Так мать моя Александра Ивановна вспоминала о Николае Рубцове, а потом и сам он говаривал мне, как встречала да привечала она его в Петряеве. Это было за год или за два до гибели его, в предзимье, когда дорога на Двиницком волоку крепнет от первых морозов и трогаются автобусы и всякие попутки в дальние места. Возможно, он пробирался в Тотьму, в свои Палестины, и вздумал взглянуть и на мою деревню, отстоящую всего в пяти верстах от Тотемского тракта. Бог весть…
Рубцов любил внезапность знакомств и расставаний. Он возникал в местах, где его не ждали, и срывался с мест, где в нем нуждались. Вот эта противоречивость скитальческой души и носила его, вела по Руси. Однако такая видимая всем свобода на самом деле являлась не видимой никому зависимостью от его Поэзии. Это он выстраданно изрек: «И не она от нас зависит, а мы зависим от нее». В ту государственно-самодержавную пору такое откровение прозвучало вызывающей и подозрительной новостью. А в стихах его забелели обезглавленные храмы, словно вытаяли они из-под страшных сугробов забвенья. Сама природа русского духа давно нуждалась в появлении именно такого поэта, чтобы связать полувековой трагический разрыв отечественной поэзии вновь с христианским мироощущением. И жребий этот пал на Николая Рубцова. И зажегся в нем свет величавого распева и молитвенной исповеди.
И мать моя, истовая богомолка, сразу ощутила и приняла в его стихах это давножданное милосердие. И у меня иной раз при встречах с ним возникало дивное впечатление, что Рубцов пришел к нам не из города Тотьмы, а из града Китежа. Вот взгляните хотя бы на эти строки: «И вместе с чувством древности земли такая радость на душе струится, как будто вновь поют на поле жницы…» «И древностью повеет вдруг из дола», «лежат развалины собора, как будто спит былая Русь». Ведь эти слова зарделись в душе, «которая хранит всю красоту былых времен». У Николая Рубцова зрение (в обычном понимании) было как ясновидение времен.
Вот он пишет в «Осенних этюдах»:
А возле ветхой сказочной часовниСтоит береза старая, как Русь, —И вся она, как огненная буря,Когда по ветру вытянутся ветвиИ зашумят, охваченные дрожью,И листья долго валятся с ветвей,Вокруг ствола лужайку устилая…
Когда стихает яростная буря,Сюда приходит девочка-малюткаИ робко так садится на качели,Закутываясь в бабушкину шаль.Скрипят, скрипят под ветками качели…
Все здесь слышно и зримо: свистящий холодок доски, щемящий восторг высоты и разноцветье теплой родины.

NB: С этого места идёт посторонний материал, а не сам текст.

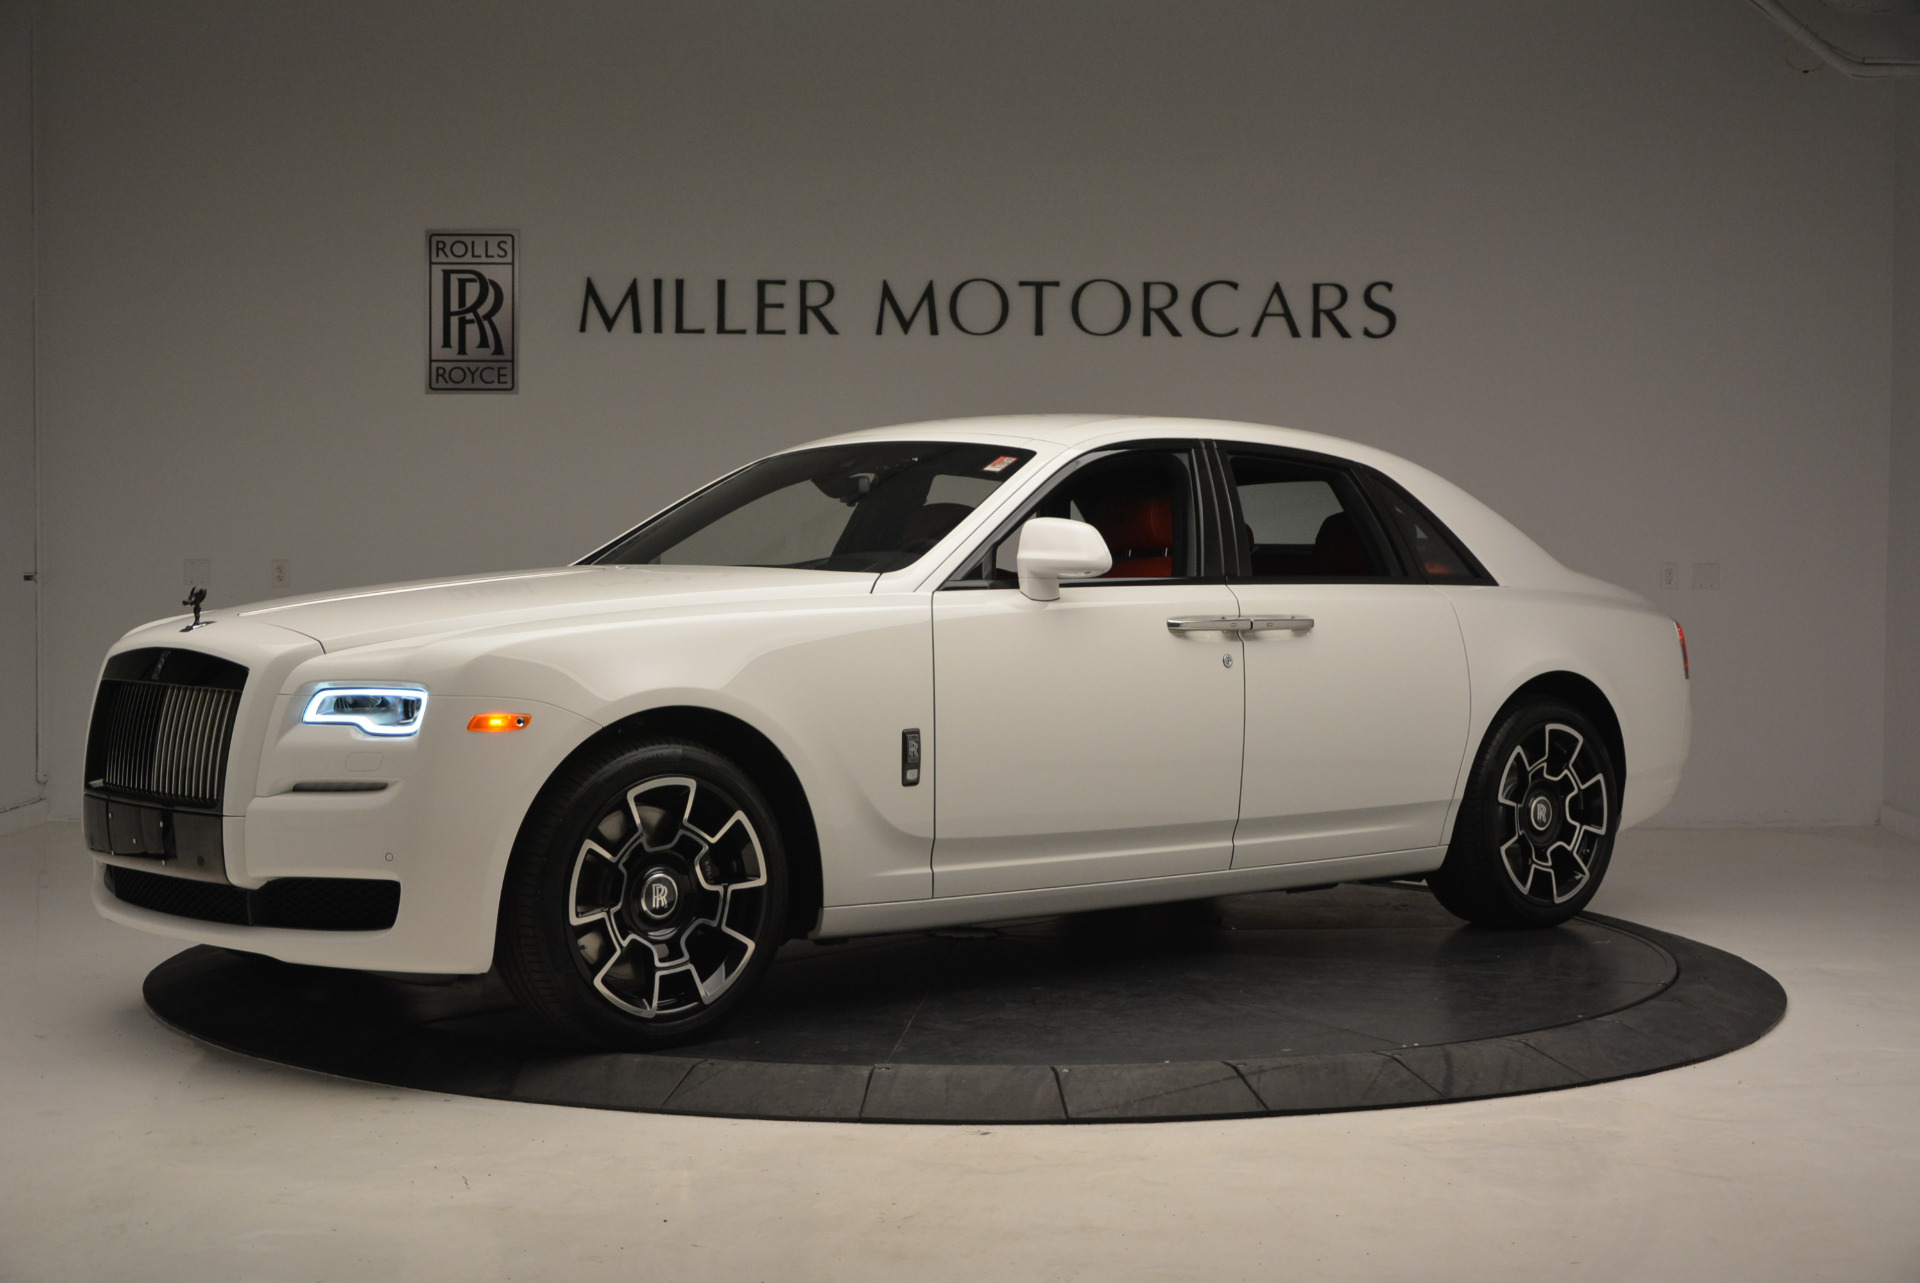 Used 2017 RollsRoyce Ghost Black Badge For Sale Sold  Perfect Auto  Collection Stock HUX54251

Эти качели Рубцова пролетают сквозь века, связуя их воедино вскинутыми в небо ручонками. Какая извечная беззащитность жизни! Потому и задевает нас глубокой печалью ответ девочки на вопрос поэта:
«…О чем поешь?» Малютка отвернуласьИ говорит: «Я не пою, я плачу…»

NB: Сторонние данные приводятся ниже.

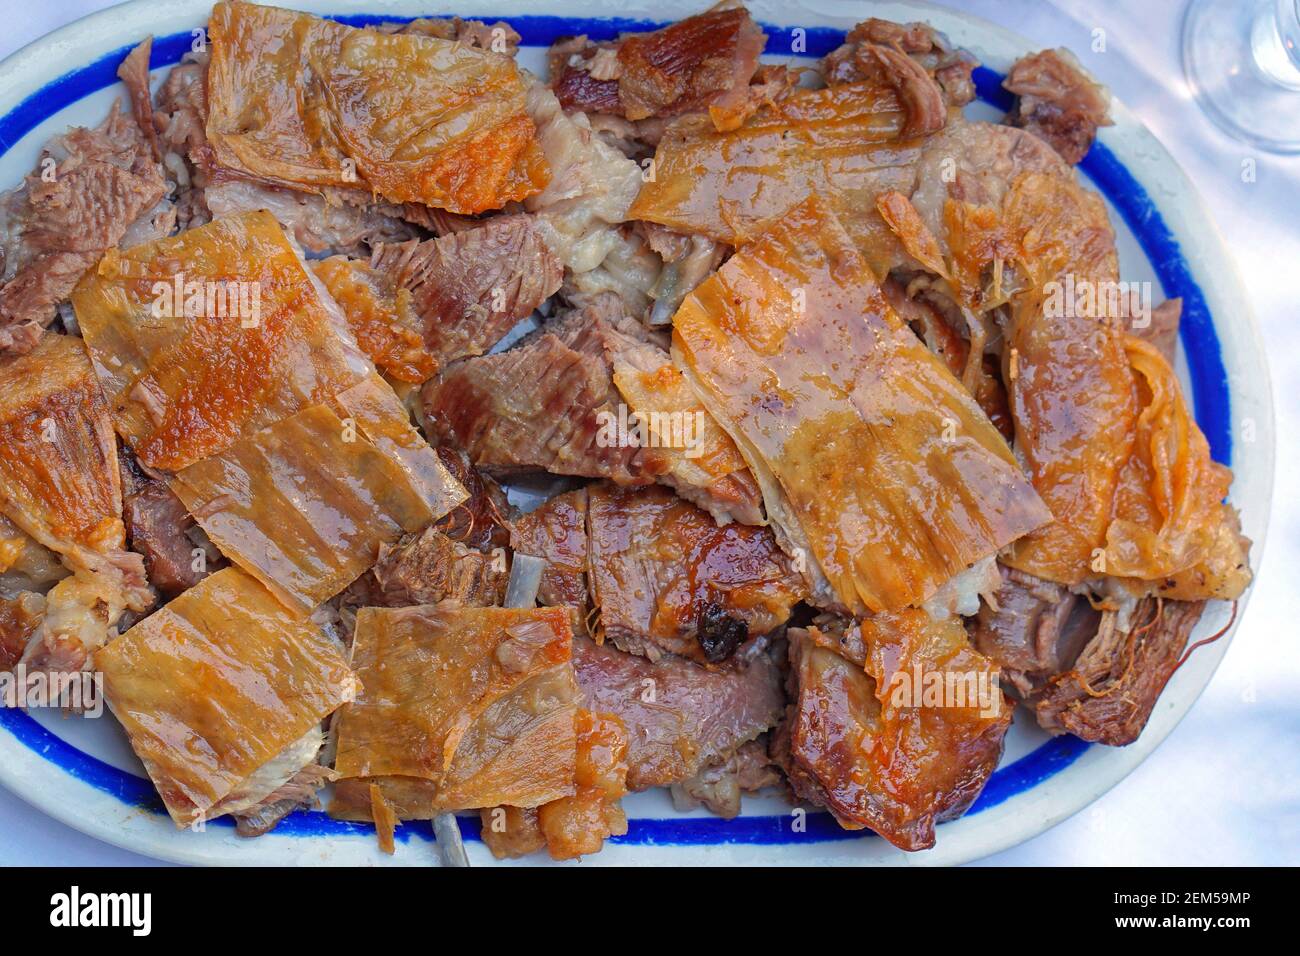 Roasted lamb served at oval platter gourment food Stock Photo

Да, такие слова ребенка о многом свидетельствуют в нашей безлюбной и безжалостной жизни… Пыль времен не касается таких стихов, в которых душа перекликается с душою и плывут, как облака, высокие раздумья о жизни и о родине.
«ПОД ВЕТВЯМИ БОЛЬНИЧНЫХ БЕРЕЗ…»
…В светлый вечер под музыку ГригаВ тихой роще больничных березЯ бы умер, наверно, без крика,Но не смог бы, наверно, без слез…
Нет, не летом 1970 года, когда вырвалось это щемящее признание, предстояло ему погибнуть. Оставалось еще полгода до той крещенской ночи, когда 19 января 1971 года он будет задушен женщиной. Всего полгода оставалось жить. И смутное предчувствие какой-то близкой беды (я был ответственным секретарем писательской организации) уже заставляло меня вздрагивать от телефонных звонков. И вот он раздался, и я услышал слабый голос Рубцова. Он в больнице. Он просит зайти и прихватить что-нибудь почитать. Я — тут же к нему. Помню, сдернул с полки книжку Константина Коничева «Из жизни взятое» — и вот жду выхода Николая в больничном вестибюльчике.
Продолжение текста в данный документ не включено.